Along the shorelines of Menard-May Park in Edgewater, Fla., Embry-Riddle Aeronautical University recently deployed unmanned aircraft systems (UAS) above the water to capture high-resolution images and video of this area of Mosquito Lagoon, which is part of the Indian River Lagoon system.

The aerial reconnaissance survey, organized and flown by faculty, staff and students from Embry-Riddle’s UAS science program, supports the Riverside Conservancy, a nonprofit dedicated to restoring and preserving living shorelines in southeast Volusia County.

“With a UAV, we can obtain an aerial perspective and create detailed imagery to determine where problems or inefficiencies may exist,” says John M. Robbins, Ph.D., associate professor and UAS program coordinator at Embry-Riddle’s Daytona Beach Campus.

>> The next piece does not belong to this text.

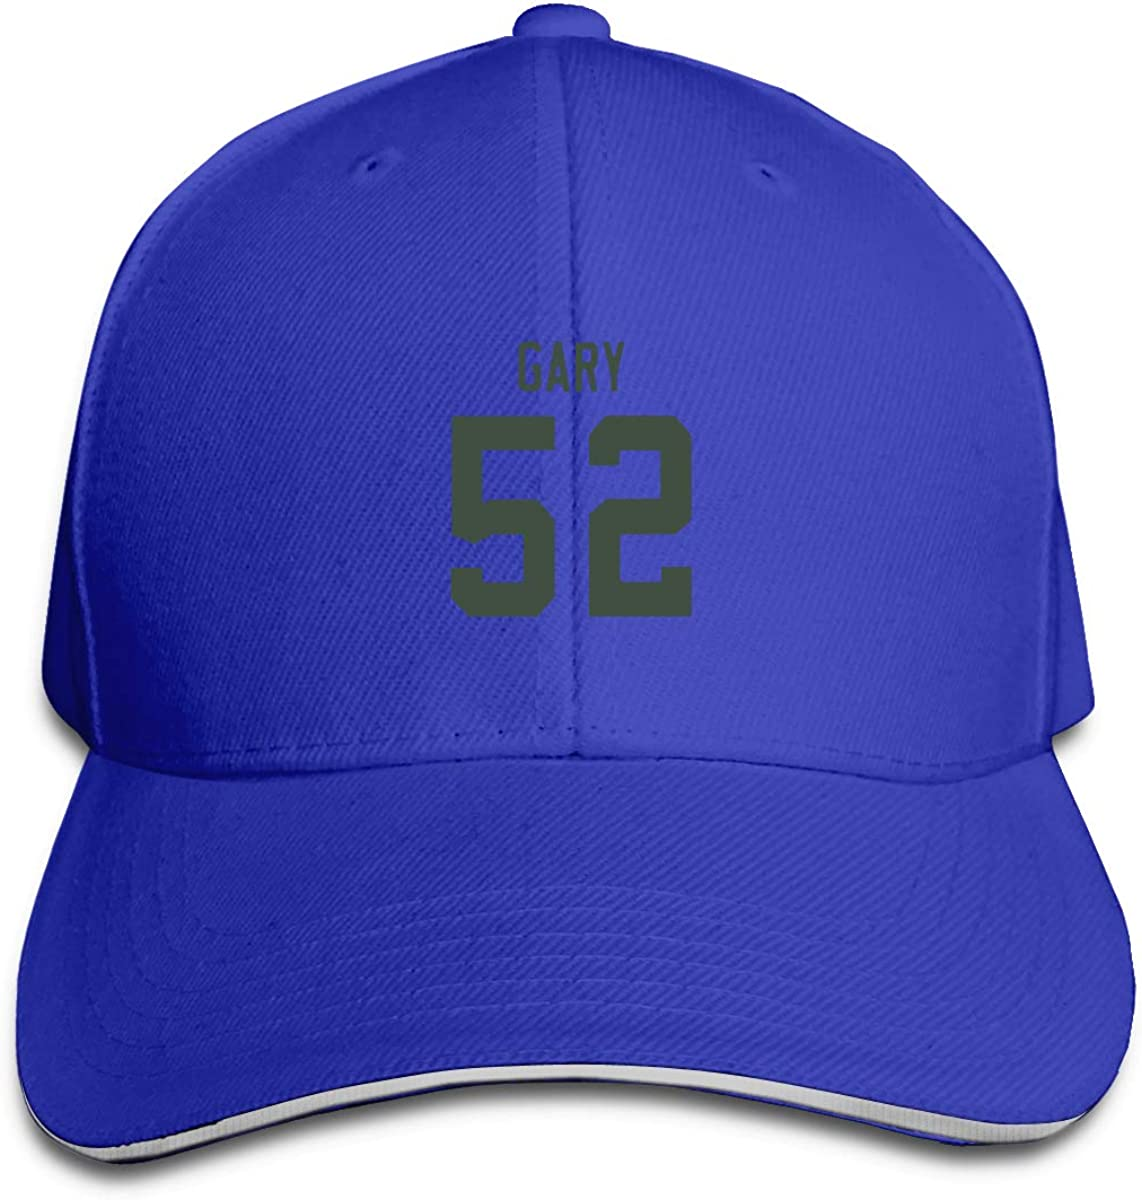 Haggai Romeo Unisex Football Rashan-Gary Snapback Baseball Cap Flat Brim Hip Hop Hat Adjustable Dad Hat

The images from the DJI Phantom 4 Pro drones will be compiled into a true-scale, orthomosaic map of overlapping images that will assist the Riverside Conservancy with a baseline view of the water’s edge in the hopes of mitigating erosion in the future. Vegetation being planted will help to absorb pollution and provide habitat for fish species, according to Greg Wilson, Ph.D., chief science officer of the Riverside Conservancy.

The organization has been working alongside the City of Edgewater, the Center for Earth Jurisprudence at Barry University Law School and Volusia County to make the shorelines more resilient. This planting project is being led by Bethune-Cookman University through a federal grant.

“We will be able to track with Embry-Riddle’s footage how successful these replanting projects are in stopping and preventing erosion and flood surge and hopefully even pollution uptake,” notes Kelli McGee, executive director of the Riverside Conservancy.

This is the first of similar missions planned with the Riverside Conservancy for Embry-Riddle’s UAS students and professors. The projects, Robbins says, provide hands-on skills to students in the school’s UAS program and also help them meet service learning requirements.